Kenny had several long solos, where his ease as an instrumentalist soared, carving his own mark on the song while never seeming to call attention to himself. Not being a musician, I’ve longed to know what an artist feels in moments like that, getting lost in the beauty but not losing control. In the creation work is part of our being made in God’s image, and so is part of who we are and is essential to our identity and our purpose. At the fall work has been perverted into toil, and so we struggle with failure, the perverse seduction of finding our ultimate significance in it, and the difficulties that often keep it boring and unsatisfying. Still, in moments at least, we catch brief glimpses of what work was originally intended to be. When we lose track of time, and even forget to eat, so swept up in the delight of doing some task, some work of creativity with hands, and heart, and imagination, and mind, and hard-won skill.
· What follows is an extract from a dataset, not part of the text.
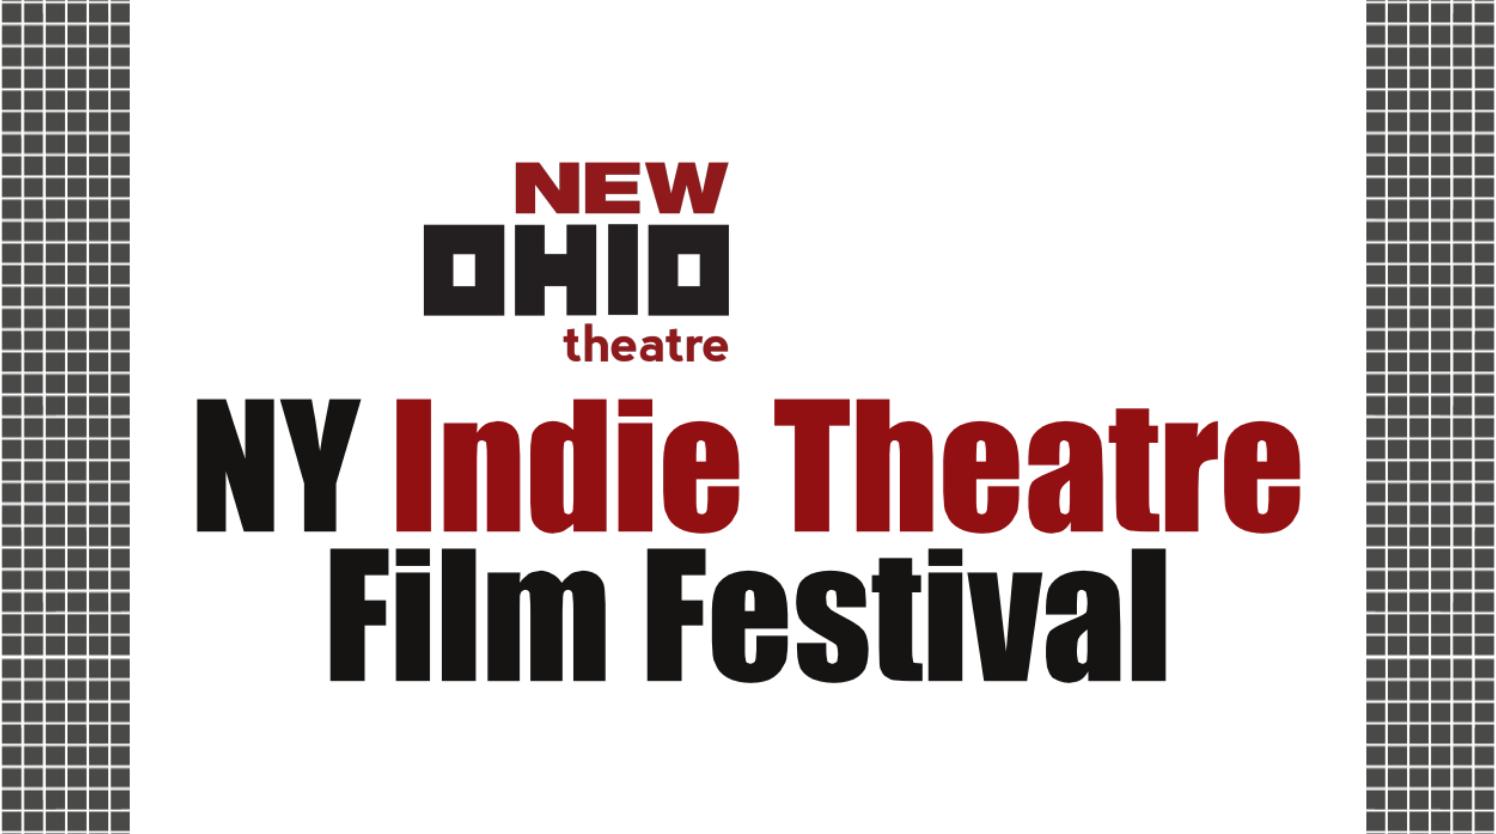 NY Indie Theatre Film Festival logo

Those moments are glimpses of grace, a foretaste of what work will be like in the new earth, world without end. I hope Kenny had one of those moments, one of those brief glimpses of glory as we listened to him play that night.
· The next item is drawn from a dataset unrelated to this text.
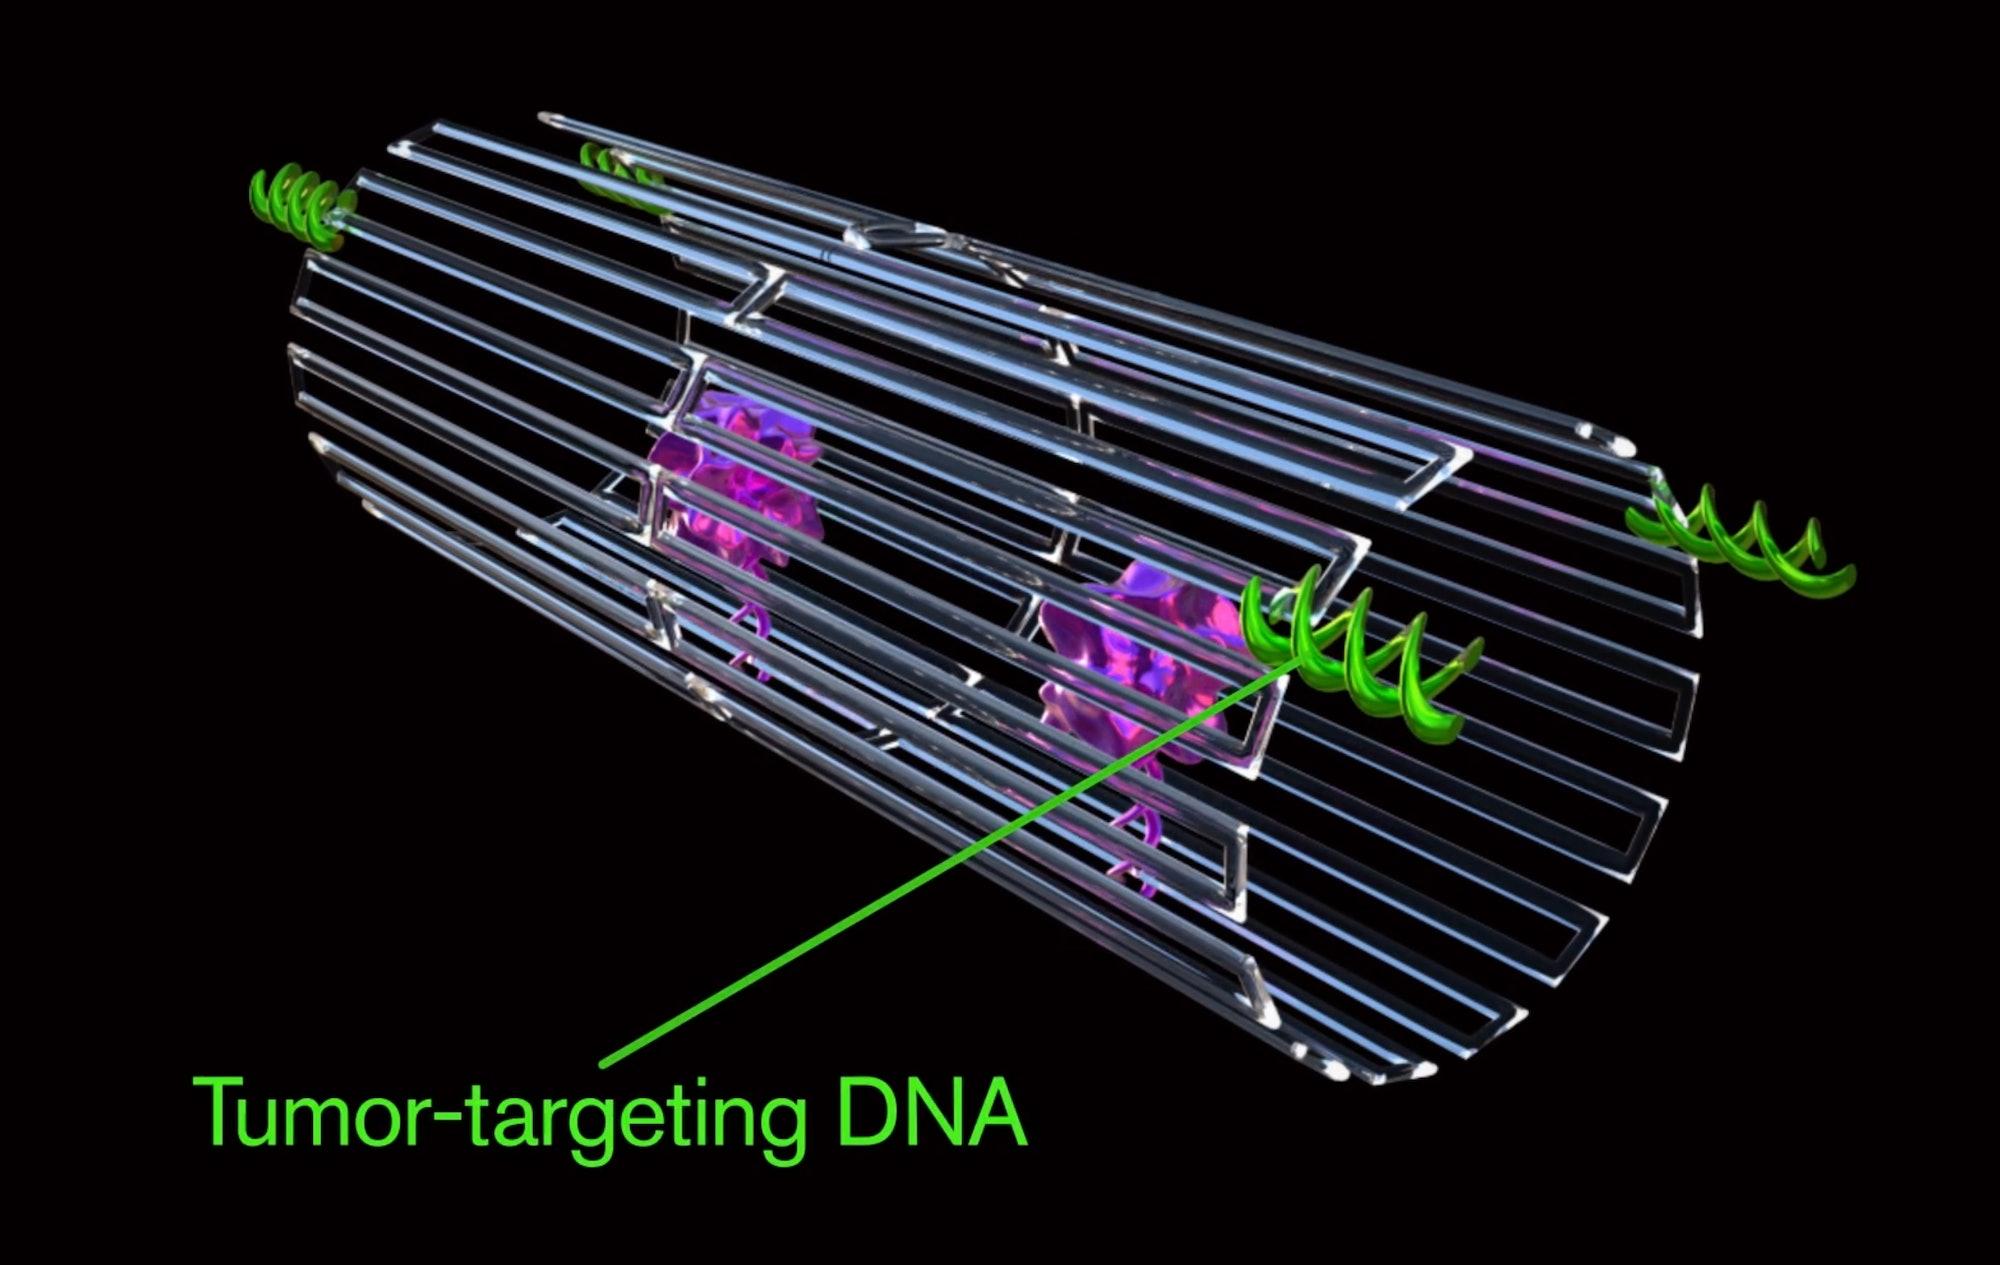 DNA origami nanorobot

The song Kenny had me download, by the way, is “People are Crazy,” from Billy Currington’s CD, Little Bit of Everything (2008):

This old man and me, were at the bar and we
Were having us some beers and swappin' I dont cares
Talking politics, blonde and redhead chicks
Old dogs and new tricks, and habits we aint kicked

We talked about Gods grace, and all the hell we raised
Then I heard the ol' man say
God is great, beer is good, and people are crazy

He said I fought two wars, been married and divorced
What brings you to Ohio, he said damned if I know
We talked an hour or two, bout every girl we knew
What all we put them through, like two old boys will do

We pondered life and death, he lit a cigarette
Said these damn things will kill me yet
But God is great, beer is good, and people are crazy

Last call is two am, I said goodbye to him
I never talked to him again

Then one sunny day, I saw the old mans face
Front page obituary, he was a millionaree
He left his fortune to, some guy he barely knew
His kids were mad as hell, but me, Im doing well
And I dropped by today, to just say thanks and pray
And I left a six-pack right there on his grave
And i said, God is great, beer is good, and people are crazy

God is great, beer is good, and people are crazy

This entry was posted at Monday, May 17, 2010 and is filed under , , . You can follow any responses to this entry through the comments feed .
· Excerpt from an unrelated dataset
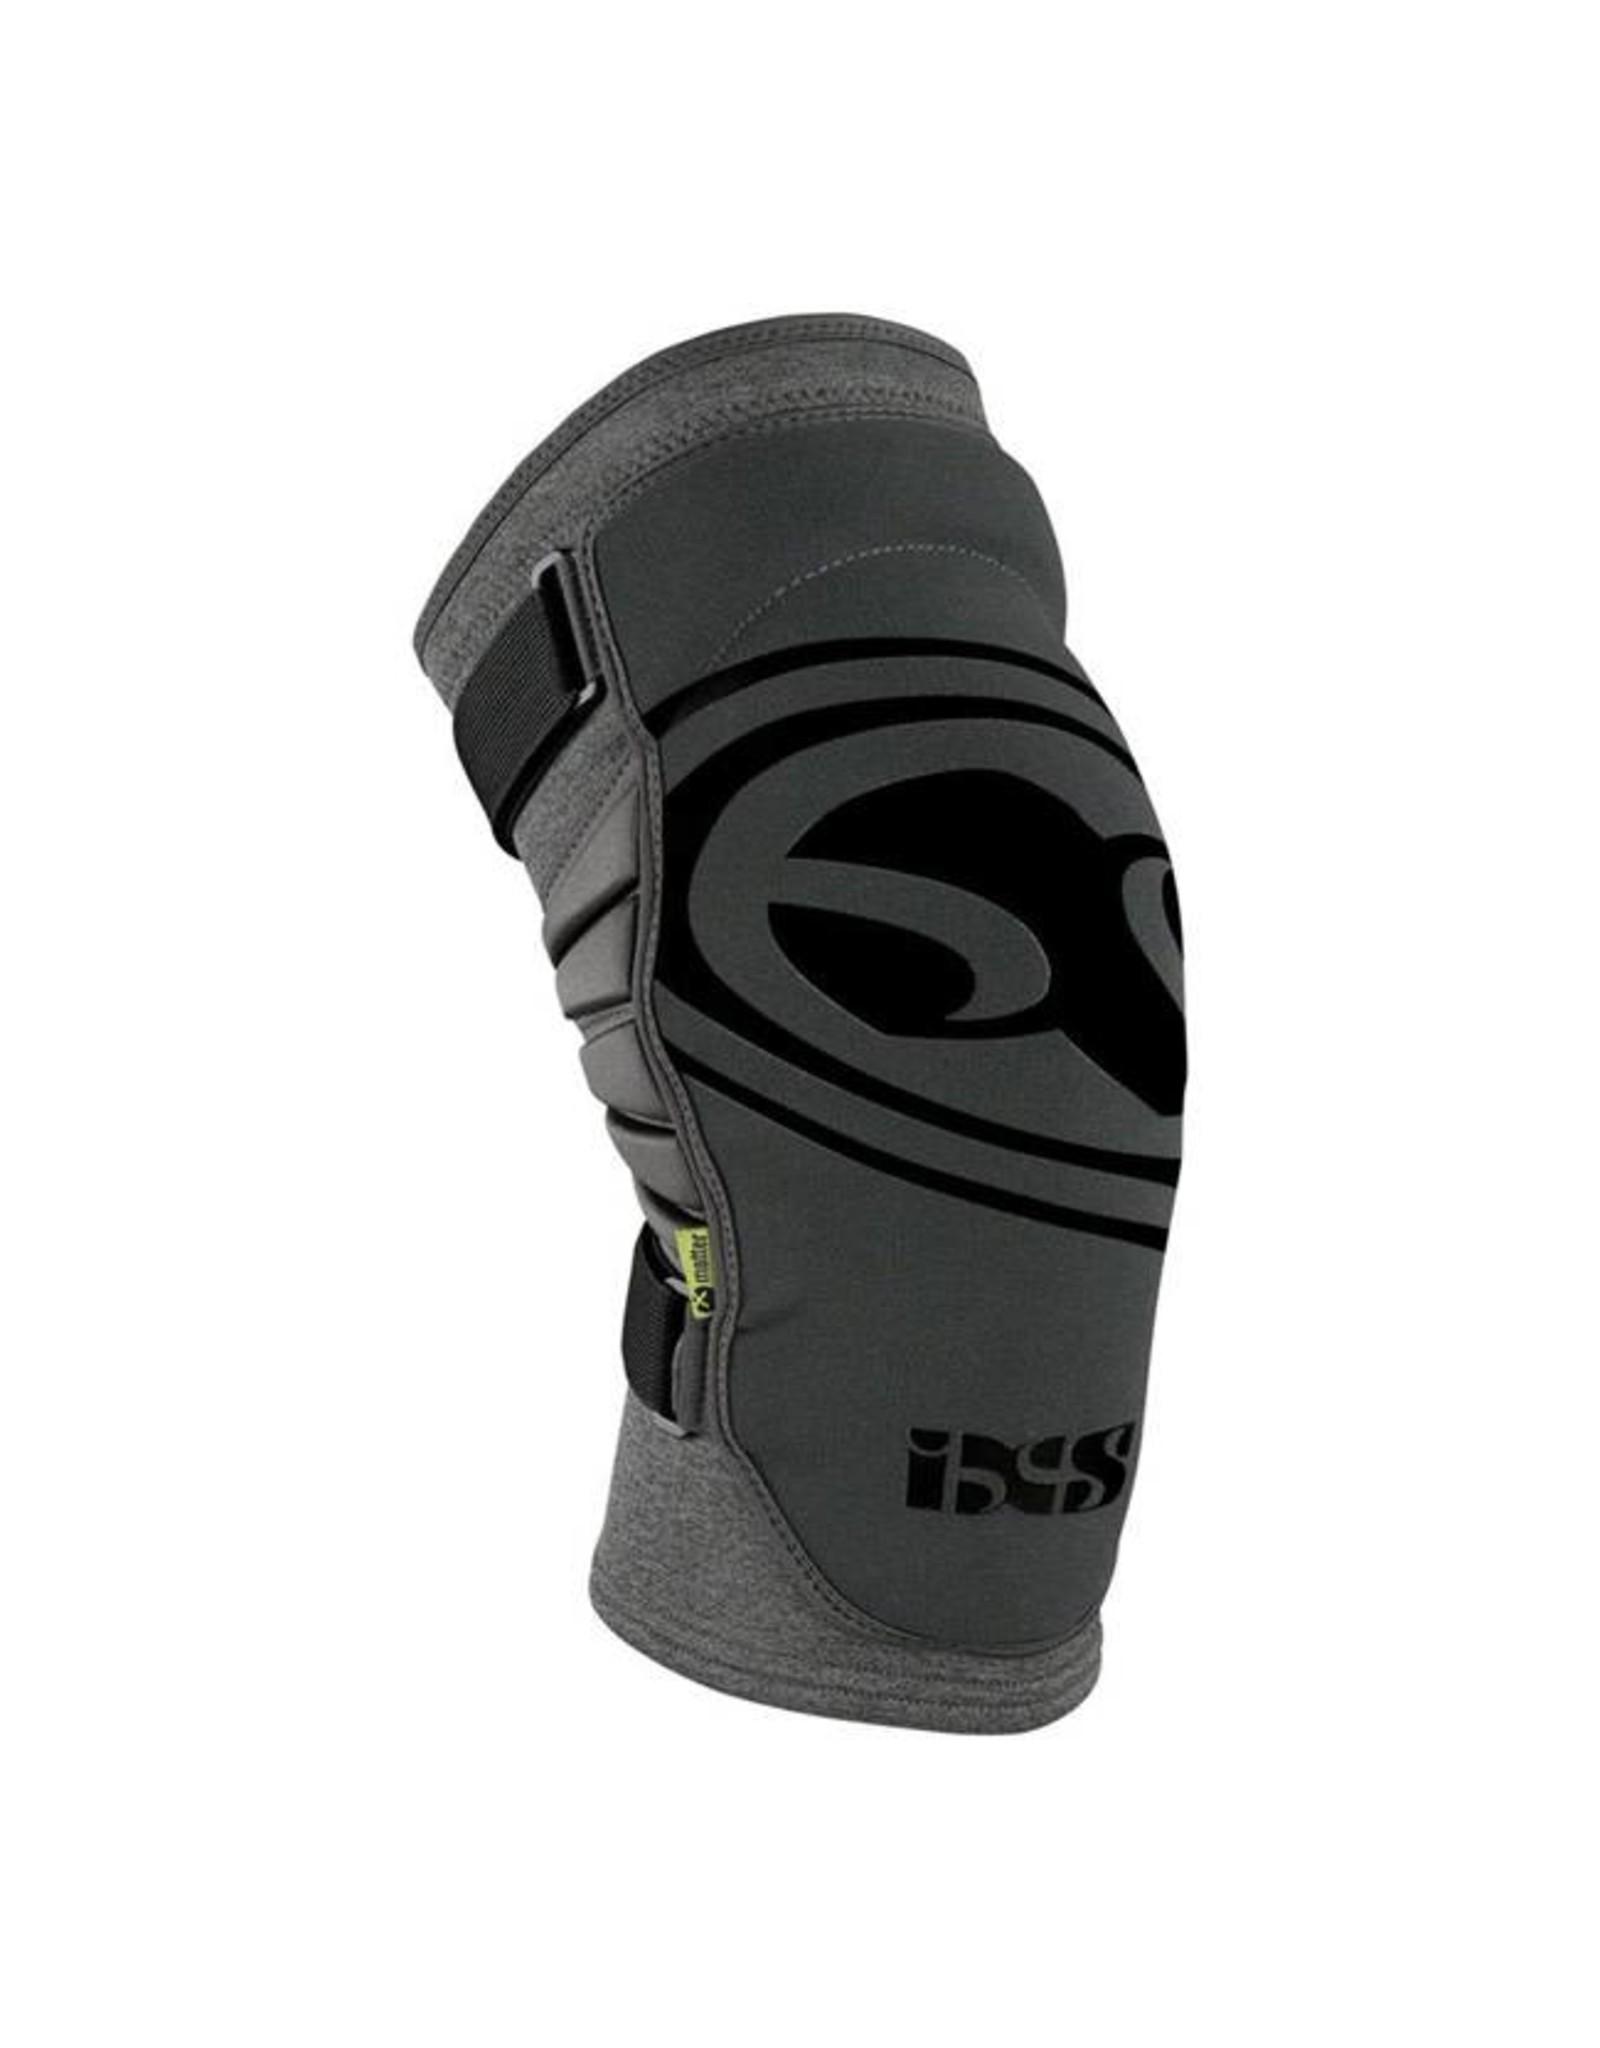 IXS iXS Carve Evo+ Knee Pads: Gray LG

Denis - I've been reading the blog in google reader for awhile so I hadn't noticed the redesign here. LOVE it. It's lovely. Hope you and Margie are well.

May 17, 2010 at 7:51 PM

Thanks, Jake. I like the design too.
We are well. Looking forward to the summer, and a couple of days of rest this weekend just the two of us. Blessings, my friend. Hope our paths cross this summer.

May 18, 2010 at 6:09 PM

Want to understand country music? Ponder this song: "I was drunk the night my mom got out of prison, and I went down to meet her in the rain. But before I could get there in my pickup truck, she got run over by a d****d old train."

May 24, 2010 at 5:54 PM

Ah yes, the broken side of life.
I like the one Kenny told me to download better.

May 24, 2010 at 6:02 PM

How did I miss this? So thoughtful, Denis. I think you and enjoy the same things about how Kenny shows us what God is doing. And you, you show me a bit of what God is doing and make me love Kenny more. Thank you.